* EXERCISE REQUIREMENTS *
An exact copy of the data below is needed; please leave out any pictures.

* DATASET EXCERPT *
+ + + +

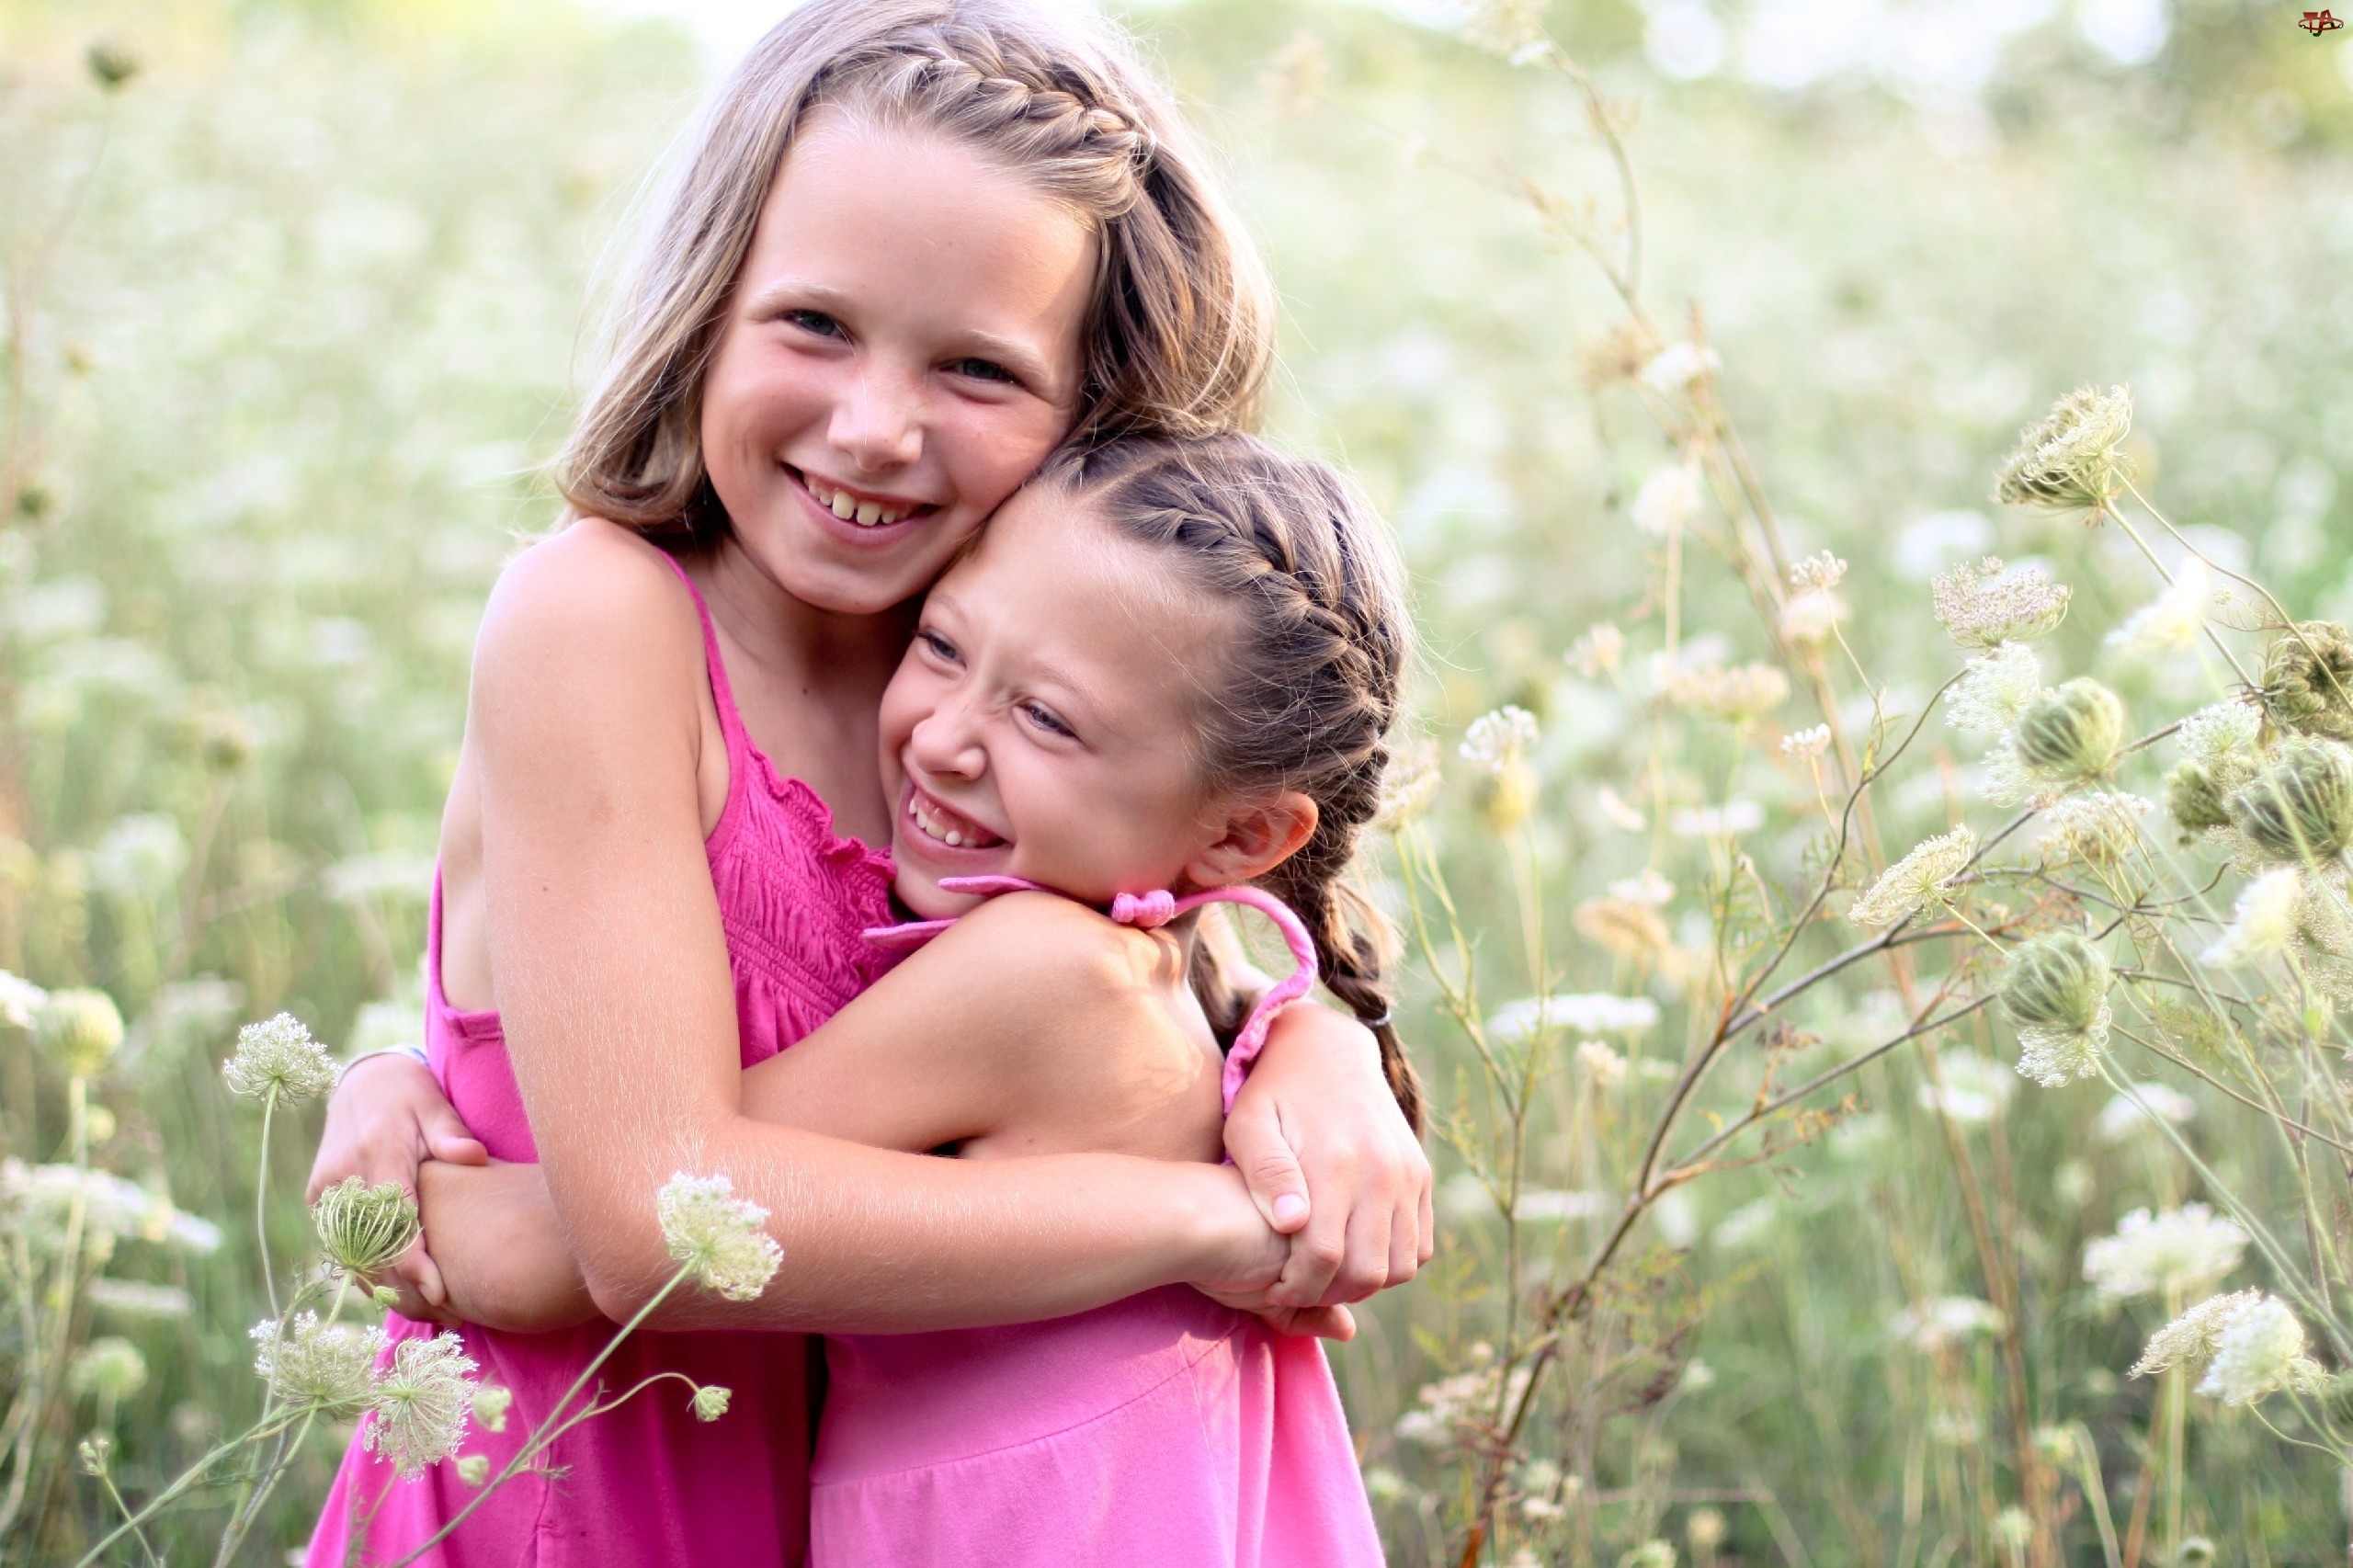 Мама обнимает ребенка: картинки и фото. - Depositphotos
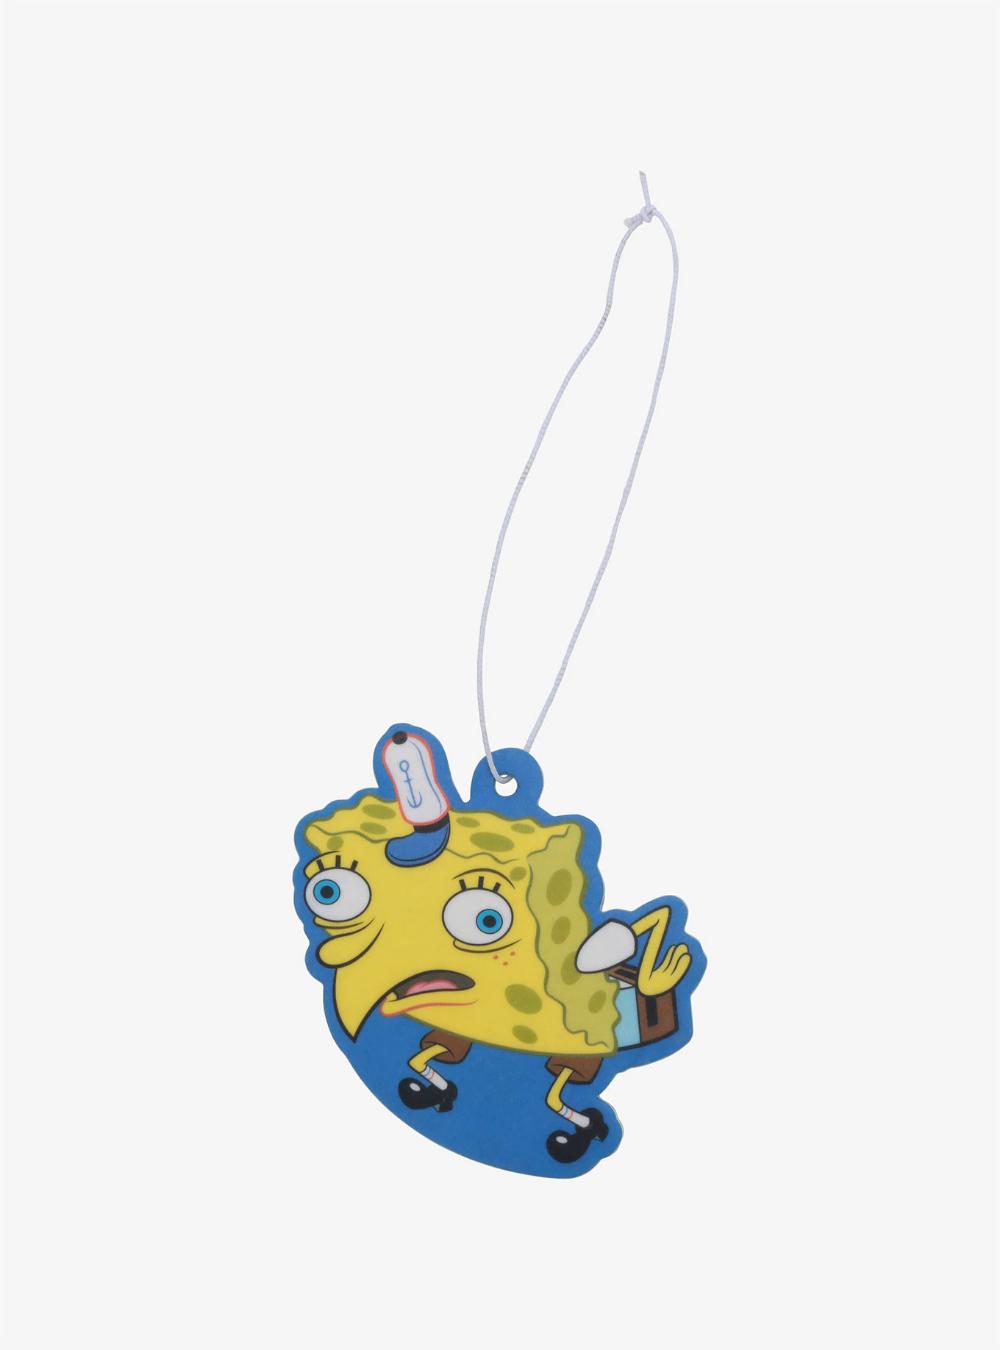 Spongebob Squarepants Chicken Air Freshener Spongebob Air Freshener Squarepants
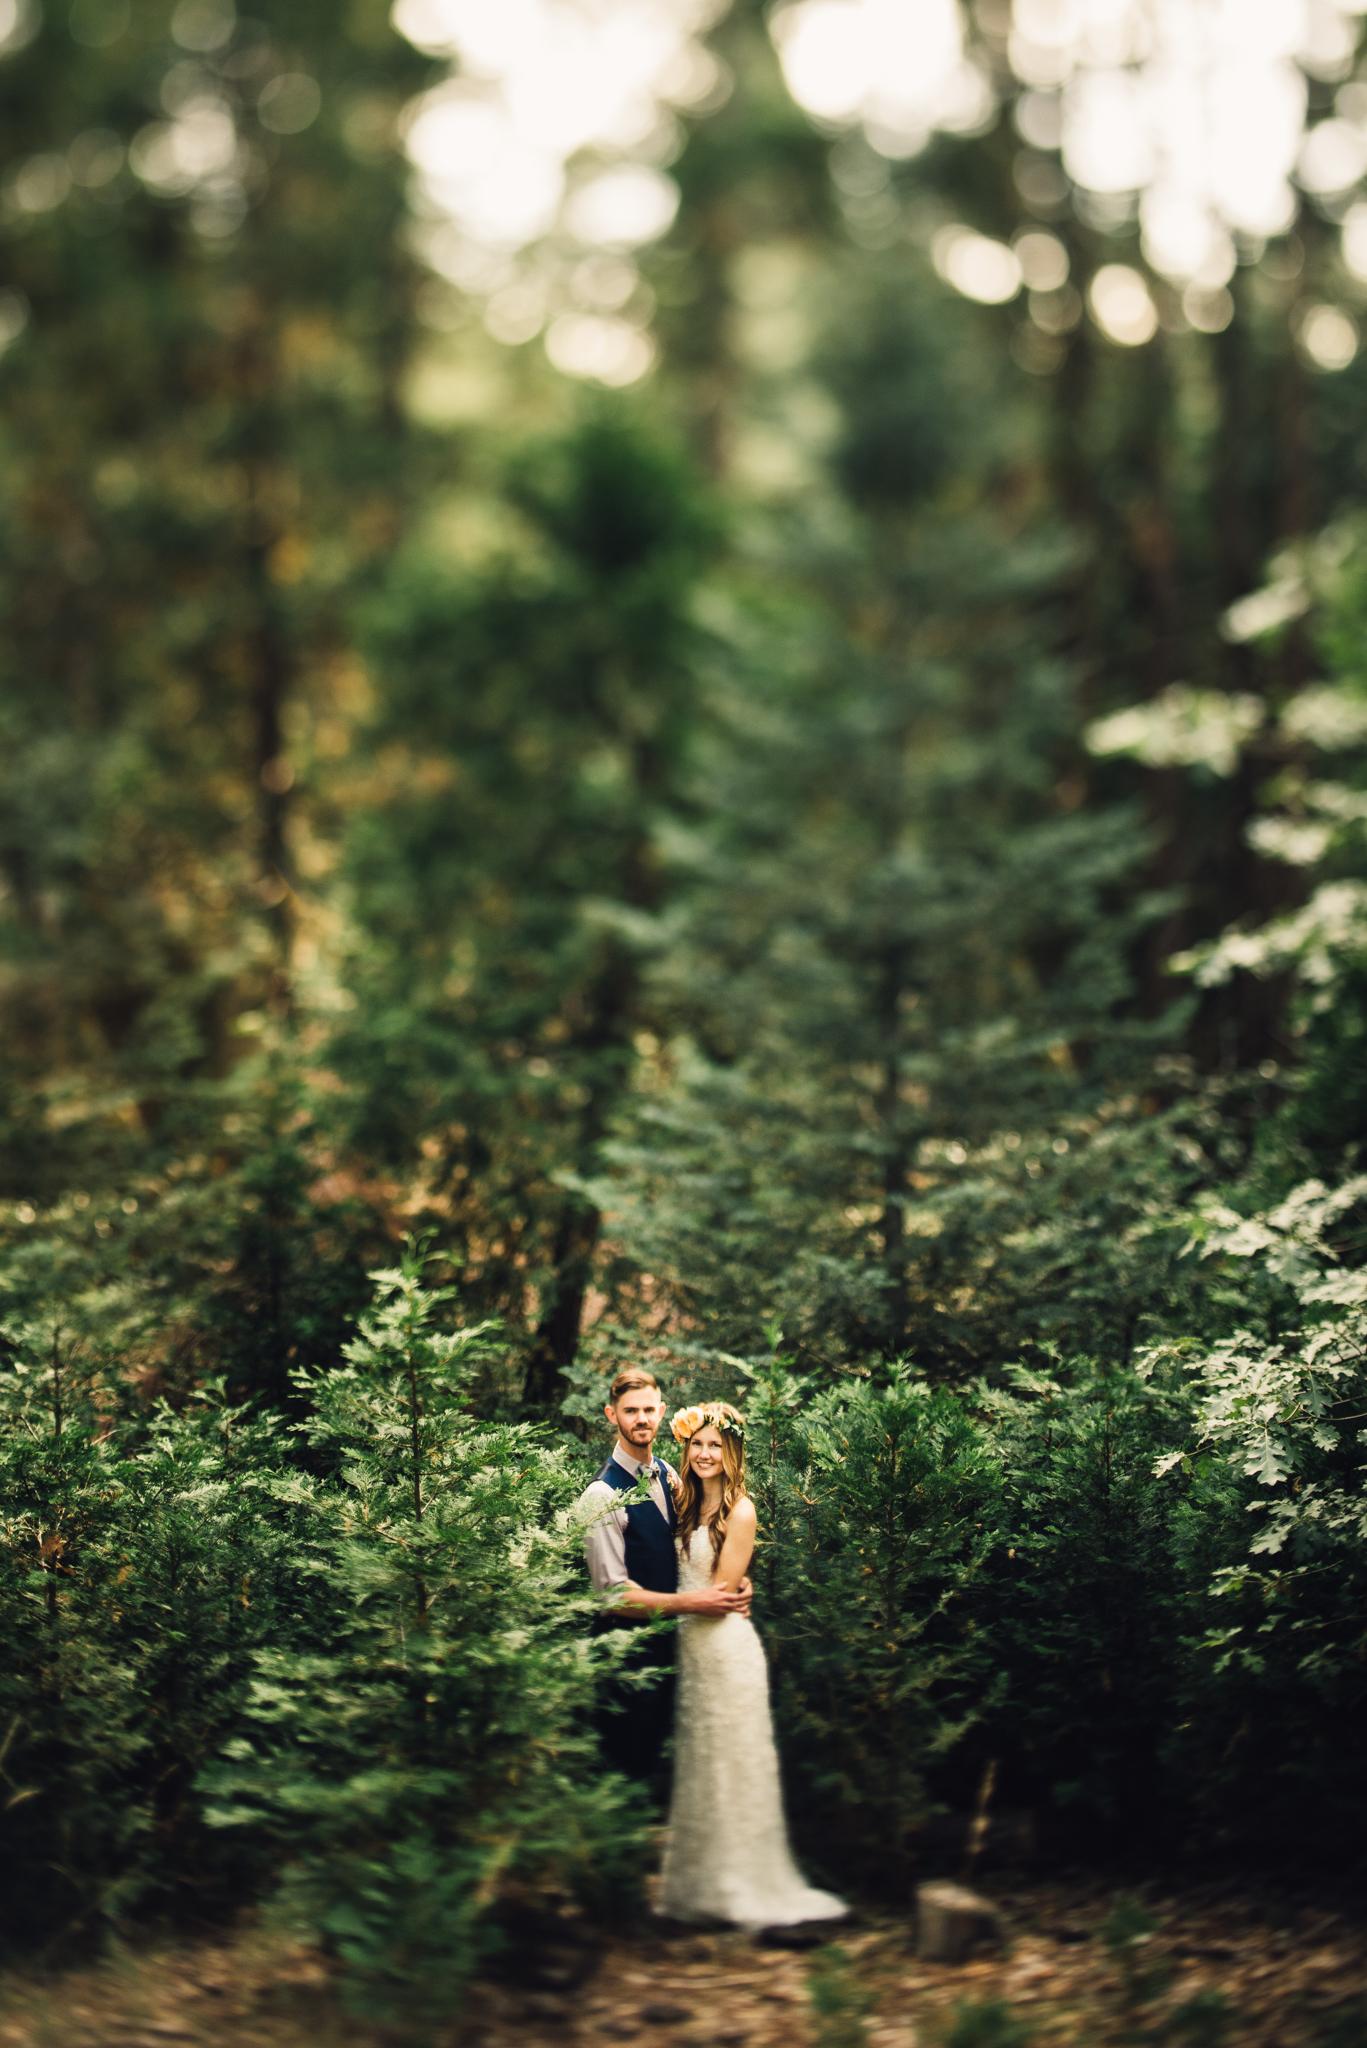 ©Isaiah & Taylor Photography - Pine Rose Cabin - Lake Arrowhead - Los Angeles Wedding Photographer-072.jpg

+ + + +

* RESPONSE BELOW *
 Мама обнимает ребенка: картинки и фото. - Depositphotos
 Spongebob Squarepants Chicken Air Freshener Spongebob Air Freshener Squarepants
 ©Isaiah & Taylor Photography - Pine Rose Cabin - Lake Arrowhead - Los Angeles Wedding Photographer-072.jpg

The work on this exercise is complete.